In 80 Tagen um die Welt

(Around the World in 80 Days, USA 1956, 155 Min., Regie: Michael Anderson, nach dem Roman „Die Reise um die Welt in 80 Tagen“ von Jules Verne)

Das Konzentrat des Konzentrats eines Konzentrats. In 155 Minuten erlebt der Zuschauer, was die Leser der französischen Zeitung „Le Temps“ 1873 in einem Fortsetzungsroman erlebt haben, nämlich die auf 115 000 Minuten konzentrierte Reise um die Welt des spleenigen Engländers Phileas Fogg mit seinem quirligen Diener Passepartout.

Ausgangspunkt war eine Wette von Mitgliedern eines vornehmen Londoner Clubs auf Möglichkeit und Unmöglichkeit einer schnellen Erdumrundung in nur 80 Tagen. Der Sonderling Fogg glaubt an die Realisierbarkeit, setzt darauf die Hälfte seines Vermögens, packt die andere Hälfte in bar in eine große Reisetasche und begibt sich mit seinem Diener ohne jegliche Planung und Vorbereitung zum nächsten Droschkenstandplatz. Die Uhr läuft. Per Bahn und Schiff geht es nach Frankreich, per Freiballon nach Spanien, dann  auf dem Wasserweg nach Osten. Eine Folge von immer neuen Schwierigkeiten, die mit großzügigem Geldeinsatz gemeistert werden. Die Verkehrsmittel wechseln schnell: Schiffe, Züge und ein Elefant. Es geht durch fremde Länder und ist doch nicht wirklich eine Reise, weil der vornehme Herr in Cut und Zylinder, den gerollten Stockschirm immer griffbereit, nichts von den Ländern mitbekommt. Er läßt sie ungerührt an sich vorbeiziehen, während er eine Partie Whist nach der anderen spielt. Auch mit dem britischen Polizeiagenten Fix, der sich an ihn heranmacht, weil er ihn für einen Bankräuber hält, der sich durch diese Reise dem Zugriff der Polizei entziehen will. Fogg gefährdet seinen Wetteinsatz, als er sich in Indien zu einer Geste des Mitleids hinreißen läßt.

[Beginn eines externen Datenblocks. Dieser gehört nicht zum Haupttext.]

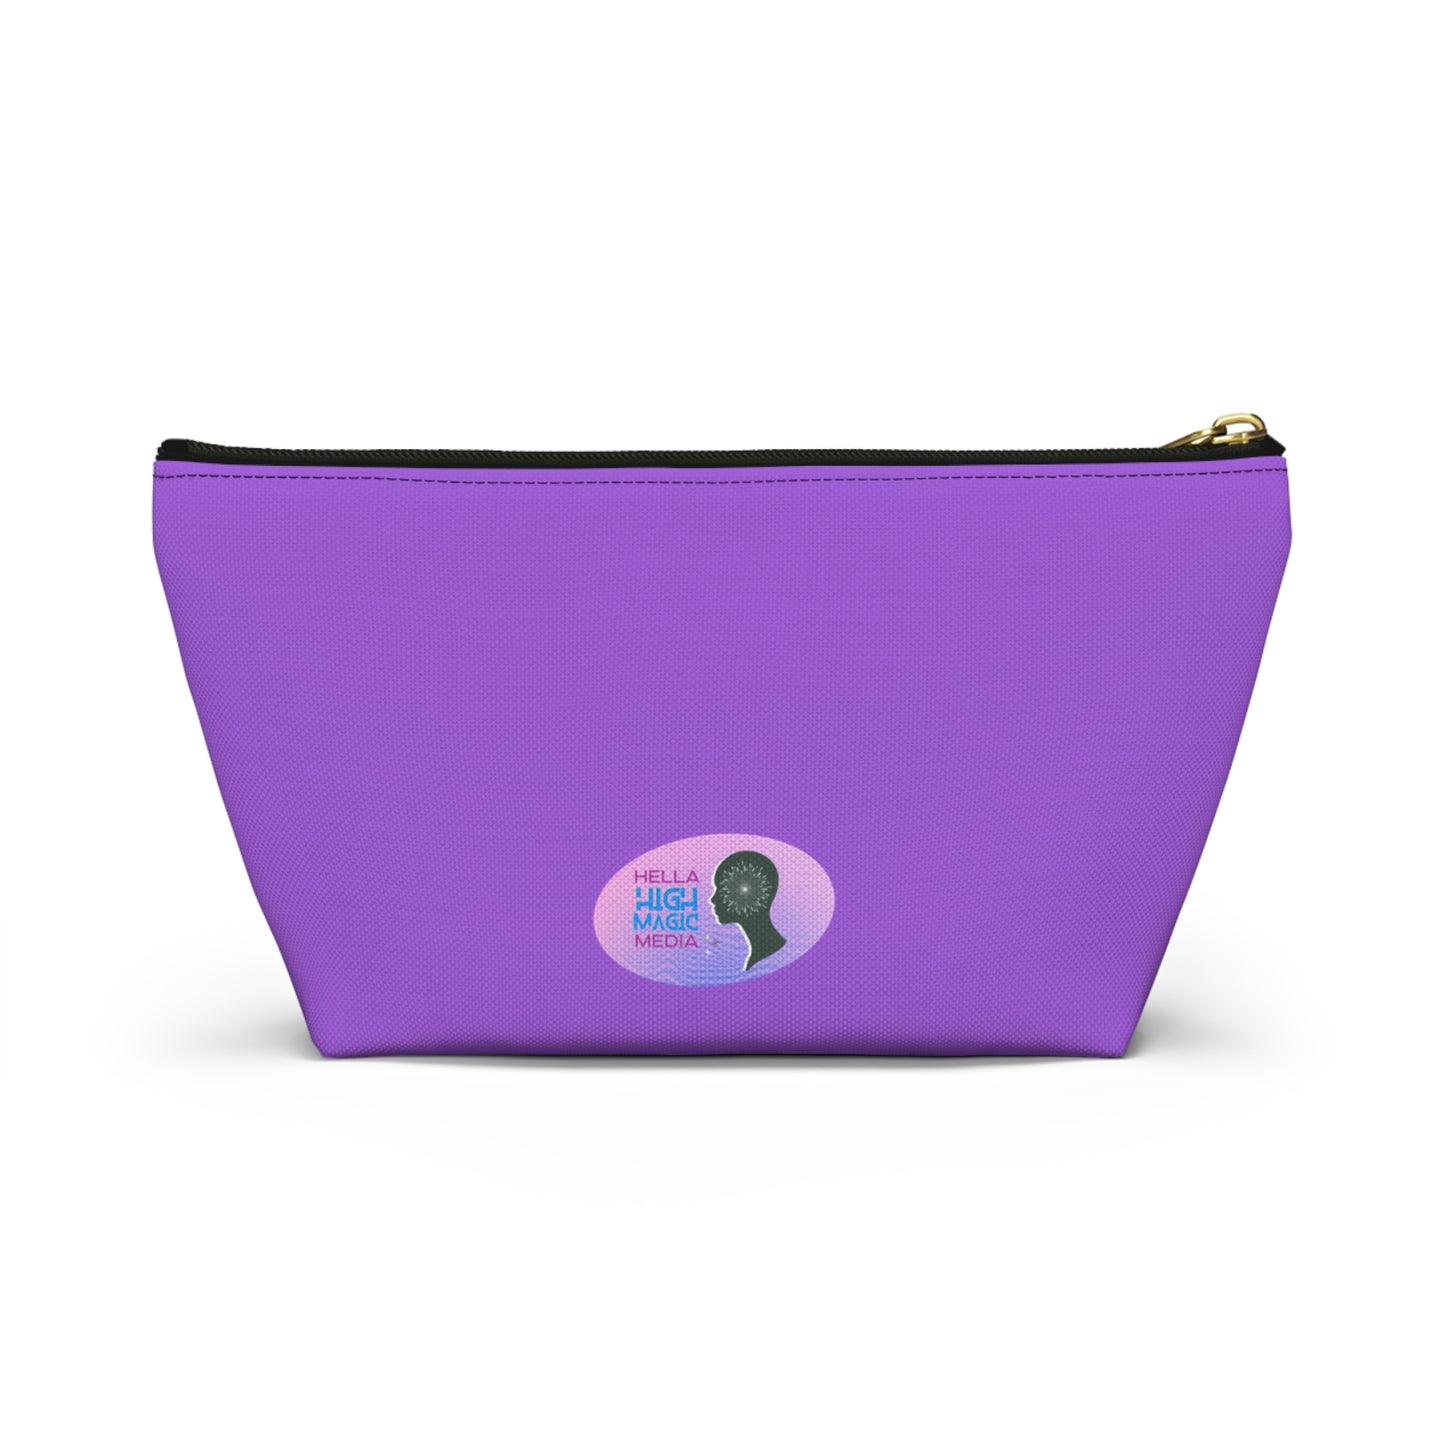 Make tech more all the things - Accessory Pouch w T-bottom

Sein Diener rettet die zum Flammentod bestimmte schöne Witwe eines Reichen, und Fogg macht sich einer Entführung schuldig, indem er die junge Frau, für die er nichts als perfekt britische Korrektheit übrig hat, auf seine weitere Reise mitnimmt. Nach Kämpfen mit Indianern und einer höchst ungewöhnlichen Atlantiküberquerung kommen die Reisenden rechtzeitig in England an, wo der Polizeiagent Fix den angeblichen Bankräuber Fogg festnehmen läßt. Als er seinen Irrtum erkennt und korrigiert, ist alles zu spät. Die Wette ist verloren. Zum Trost will Fogg die schöne junge Witwe heiraten. Da bringt der Film mit einem unerwarteten Aspekt die entscheidende Wende. In letzter Sekunde kommt Fogg doch noch rechtzeitig in seinen Club, wo er sich als Gewinner der Wette begrüßen lassen kann.
Eine Vorführung von Besonderheiten aus aller Welt im Schnelldurchgang, wie ihn heute ein Rundgang durch Disney World bietet. Die große weite Welt als Fast food. Kein Wunder, daß dieses Buch schon zuvor zweimal verfilmt wurde, 1914 in den USA und erstaunlicherweise 1918/19 in Deutschland. Die billigste Art, die Welt kennenzulernen. Scheinbar. In Wahrheit wird hier nicht die Welt vorgeführt, sondern der Mensch. Es wird das Bild eines völlig desinteressierten Reisenden geboten, der sich die Welt unter den Nagel reißt, ohne was davon zu haben. Das paßt zu dem Zukunftsbeschreiber Jules Verne (1828 – 1905), der für seine geniale Vorwegnahme von technischen Erfindungen gerühmt wird, weil er U-Boot und Flugzeug, Fernsehen und Raketen schon in seinen Romanen beschrieben hat, längst ehe die Techniker sie konstruieren konnten. Mit diesem Roman hat er einmal keine technische Erfindung vorweggenommen, sondern eine gesellschaftliche Entwicklung: das Aufkommen des ignoranten Touristen, der nur um des Reisens willen reist und dabei so begrenzt bleibt wie er war. Jules Verne hat damit bewiesen, daß er doch viel mehr Dichter ist als nur der Vater des Science-Fiction-Romans.